PROMPT - Restate word for word, and only, the lines that extend from the line containing "Artinus - 3D Art Gallery in Ho Chi Minh" through the end of the records below.
DATA: Begin
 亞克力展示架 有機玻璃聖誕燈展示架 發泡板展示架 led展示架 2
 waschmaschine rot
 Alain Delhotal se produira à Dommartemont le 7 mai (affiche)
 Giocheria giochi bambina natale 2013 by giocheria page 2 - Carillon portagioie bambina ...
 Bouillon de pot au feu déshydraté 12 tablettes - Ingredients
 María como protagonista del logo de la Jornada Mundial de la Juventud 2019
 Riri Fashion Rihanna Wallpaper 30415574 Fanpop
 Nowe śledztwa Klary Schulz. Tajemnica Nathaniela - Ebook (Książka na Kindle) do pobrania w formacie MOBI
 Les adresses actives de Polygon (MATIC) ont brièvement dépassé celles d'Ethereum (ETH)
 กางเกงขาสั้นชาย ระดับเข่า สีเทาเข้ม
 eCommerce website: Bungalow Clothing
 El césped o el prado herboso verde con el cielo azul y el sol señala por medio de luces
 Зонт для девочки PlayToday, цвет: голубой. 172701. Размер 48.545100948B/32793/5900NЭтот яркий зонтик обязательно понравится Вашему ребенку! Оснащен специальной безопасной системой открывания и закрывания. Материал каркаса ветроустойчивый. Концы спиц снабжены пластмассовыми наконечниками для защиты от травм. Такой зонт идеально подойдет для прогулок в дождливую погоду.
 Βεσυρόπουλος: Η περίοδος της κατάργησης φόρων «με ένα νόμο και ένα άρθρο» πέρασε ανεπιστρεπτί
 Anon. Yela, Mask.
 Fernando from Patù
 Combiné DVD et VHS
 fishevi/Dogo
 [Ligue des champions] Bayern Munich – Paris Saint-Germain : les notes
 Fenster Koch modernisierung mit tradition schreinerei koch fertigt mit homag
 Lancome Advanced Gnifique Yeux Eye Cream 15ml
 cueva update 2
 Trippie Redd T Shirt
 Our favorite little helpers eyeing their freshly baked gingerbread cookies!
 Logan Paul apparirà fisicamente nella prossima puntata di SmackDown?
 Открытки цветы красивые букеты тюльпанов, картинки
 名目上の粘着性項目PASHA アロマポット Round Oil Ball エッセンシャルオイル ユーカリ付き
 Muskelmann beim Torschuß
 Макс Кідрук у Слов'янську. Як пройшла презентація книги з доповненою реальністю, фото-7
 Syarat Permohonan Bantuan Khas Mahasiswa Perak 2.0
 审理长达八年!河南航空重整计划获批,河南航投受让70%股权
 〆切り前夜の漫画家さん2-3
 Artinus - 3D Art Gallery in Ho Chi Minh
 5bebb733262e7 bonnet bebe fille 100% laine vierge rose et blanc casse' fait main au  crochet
DATA: End
ANSWER TO THE EXERCISE -
 Artinus - 3D Art Gallery in Ho Chi Minh
 5bebb733262e7 bonnet bebe fille 100% laine vierge rose et blanc casse' fait main au  crochet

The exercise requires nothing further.